Vulcan Drop Hammers

Bulletin-67A-Drop-Hammer-Diagram
Vulcan drop hammer, shown with the Casgrain style wood block for a hammer cushion. Note the wooden leaders, which were common for drop and air/steam hammers alike until the 1950’s. The Casgrain wood cushion “D” was a teardrop shaped piece of wood (usually oak) which projected out of the top of the driving accessory. An iron band (usually Norway iron) went around the circumference of the top of the block to retard brooming of the cushion material. The Casgrain configuration was also used with the steam hammers in the early years, the band interfacing with the base cone. This eventually yielded to the conical cones with receptacle for cushion material that have characterised Vulcan hammers since.

Although Vulcan is best known for its air/steam hammers, out of necessity as much as anything Vulcan produced a line of drop hammers for most of its history.

Until the advent of “automatic” hammers such as the Warrington-Vulcan hammers, drop hammers were the only way driven piles were installed. Drop hammers were (and still are) the most practical way for small quantities and short lengths of piles to be driven. Vulcan not only produced the drop hammers and driving accessories, but until World War II produced an extensive line of rigs to run them in.

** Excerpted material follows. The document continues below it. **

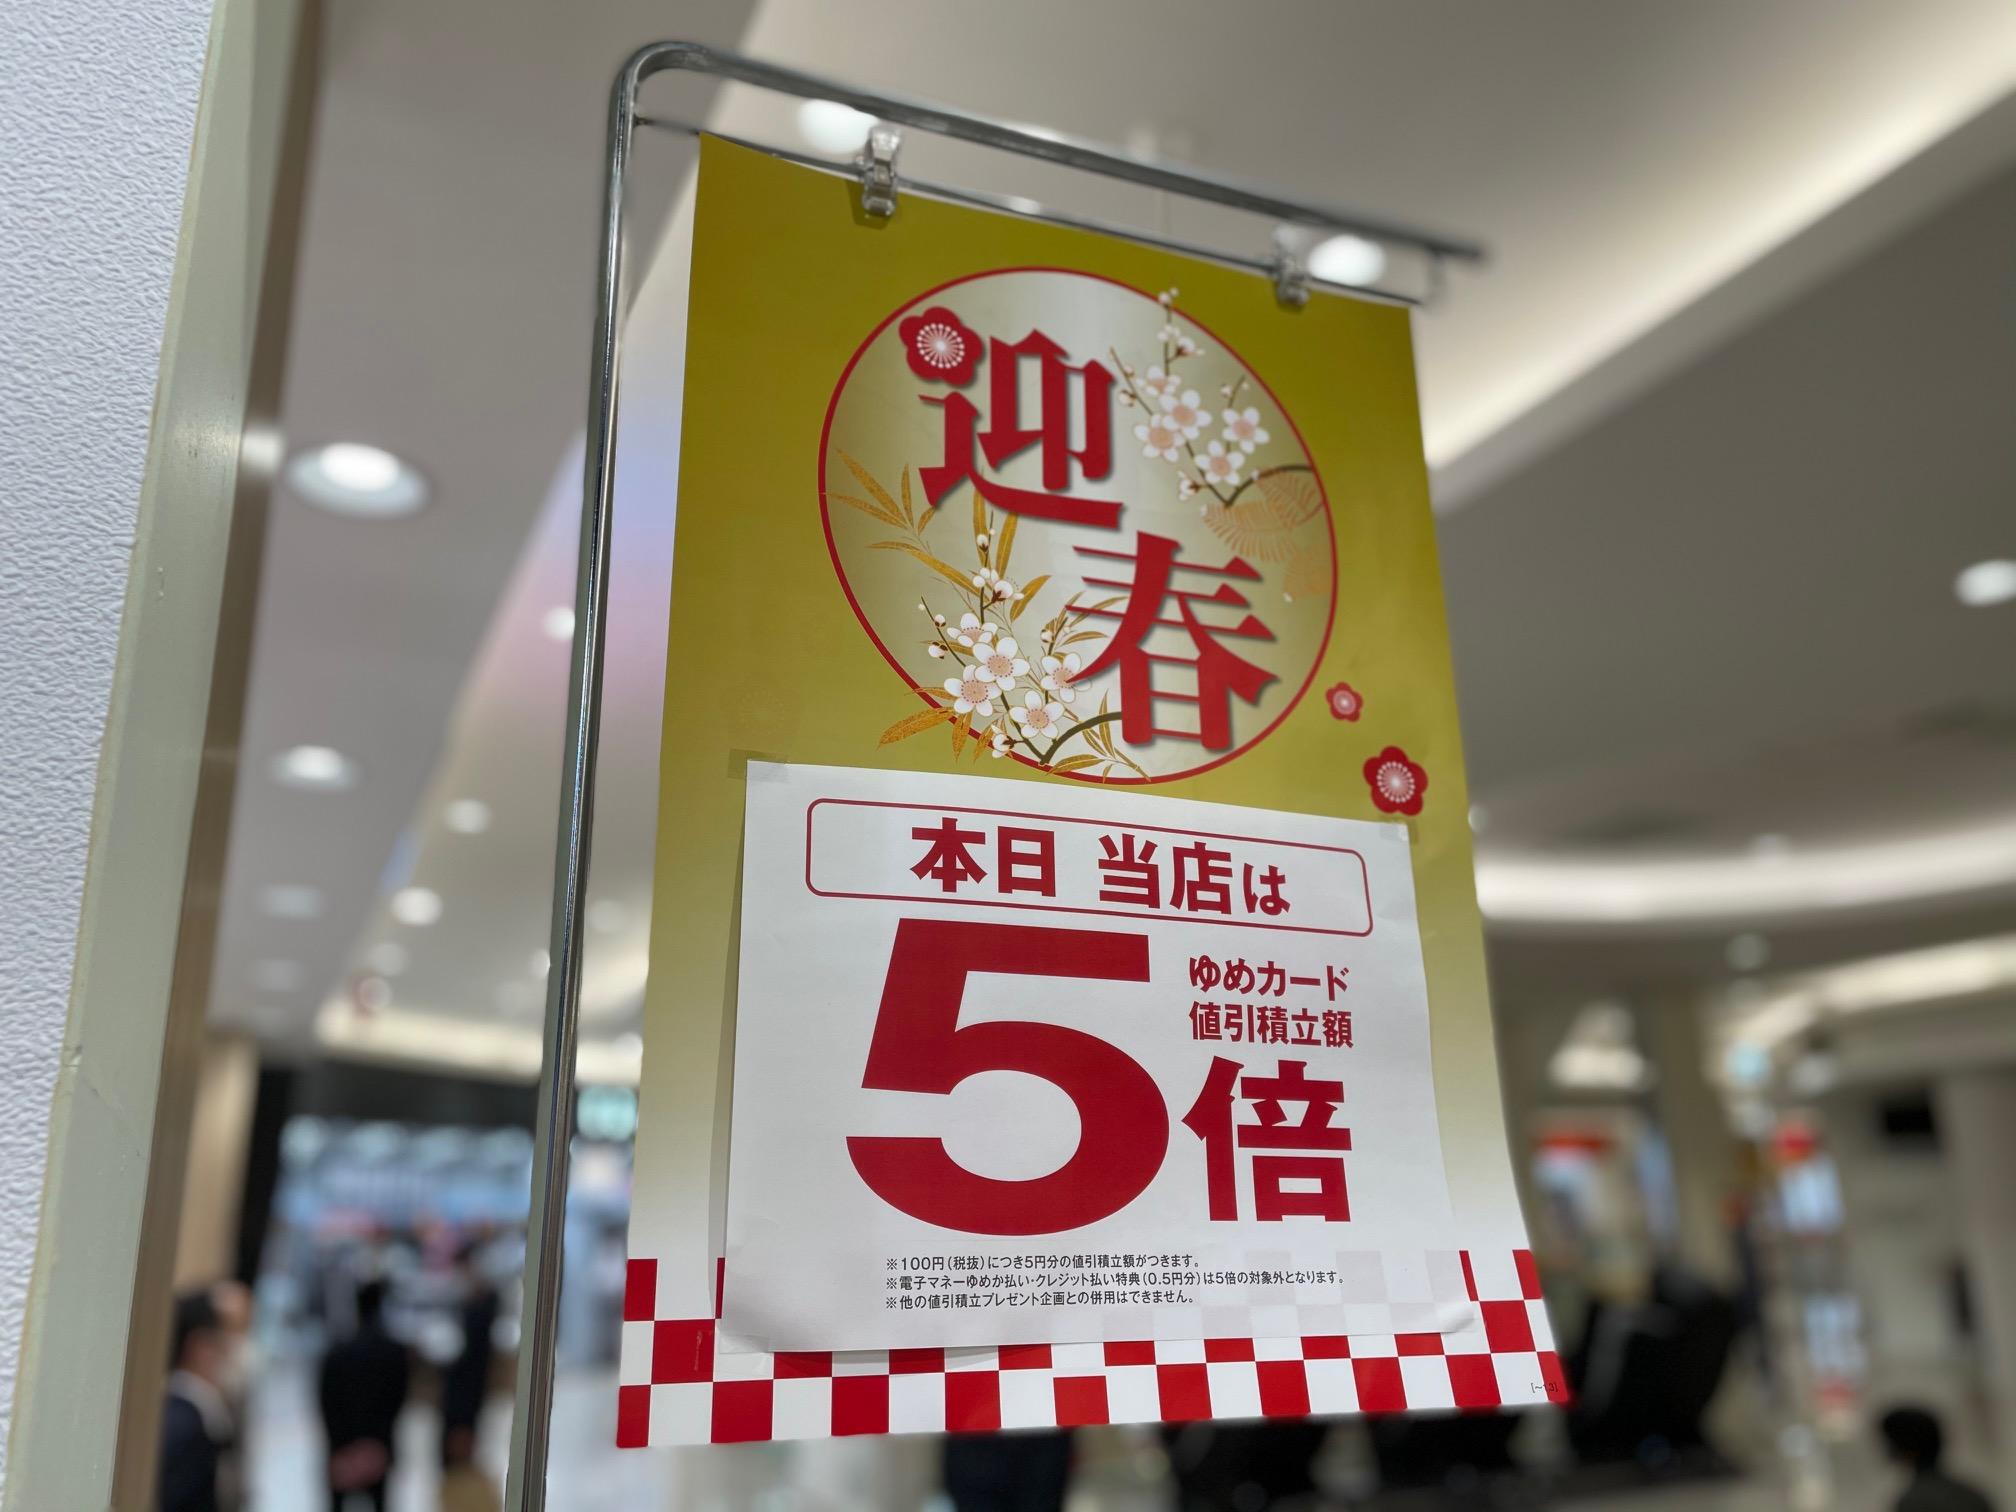 【ゆめタウン広島店】iPhone修理もスマホアクセサリーも値引積立額5倍キャンペーン実施中です(●^o^●)

One major disadvantage of the drop hammer was the relationship between the stroke and the ram weight. The light ram and long stroke of many drop hammers made them prone to pile damage, as this testimonial illustrates.

Blaw-Knox-Drop-Hammer
From the most “retro” part of the product line, the shape of things to come: a large (57,260 lb.) drop hammer with its 24,100 lb. pipe cap for driving 72″ pipe piles at the Blaw-Knox foundry in East Chicago, IN. The photo dates from around 1950. Between the hammer and the cap is a Blaw-Knox official, Water Daspit, Vulcan’s treasurer, and Campbell V. “Doc” Adams, Vulcan’s chief engineer. An Australian immigrant, his initials first appeared on a drawing in 1912; his last regular production hammer was the offshore 060 in the late 1960’s. His designs dominated Vulcan’s product line for much of the twentieth century. With this drop hammer, Vulcan’s product line had outgrown its production facility, a problem the company would face once again during the offshore years of the 1960’s and 1970’s. Blaw-Knox would, in fact, play a role there too, manufacturing most of the Vulcan 5150 and 6300 hammers for Vulcan.

2186
A drawing of the cap. Note that the cap is hollowed out, to save weight. These voids are formed by sand “cores” which are placed inside of the main sand mould for the casting. They were common in large Vulcan caps until the late 1960’s, when problems with core “burn-in” (where the sand would be melted and fused into a solid during casting) forced Vulcan to abandon hollowing out its caps. The cushion configuration is also shown, which is very similar to that used in Vulcan’s air/steam hammers.

Bulletin-66G-CoverBy the time Vulcan moved its headquarters to Florida in 1964, Vulcan’s drop hammer production had dwindled, victim to the success of its air/steam hammers (and other automatic competitors) and the fact that smaller facilities could produce the hammers more cheaply. Nevertheless Vulcan continued to offer the drop hammers in its line. At the right is the cover for the last bulletin (66-G) advertising the drop hammers, issued late in 1965. You can download a copy of that bulletin by clicking here or on the bulletin cover to the right.

In February 1974 Vulcan discontinued production of the conventional drop hammers.  The last drop type hammers the company produced, however, were hairpin hammers, which are simple pieces of plate with a slot in them for alignment. They are generally used with sheet piling; they are self-aligning and do not require leaders. As was the case with the earlier drop hammers, Vulcan found it nearly impossible to compete with “homemade” hairpin hammers that contractors manufactured for their own use.

Vulcan drop hammers are an interesting sidebar in the history of a company whose main product line contributed greatly to their marginalisation as the mainstay of pile driving equipment.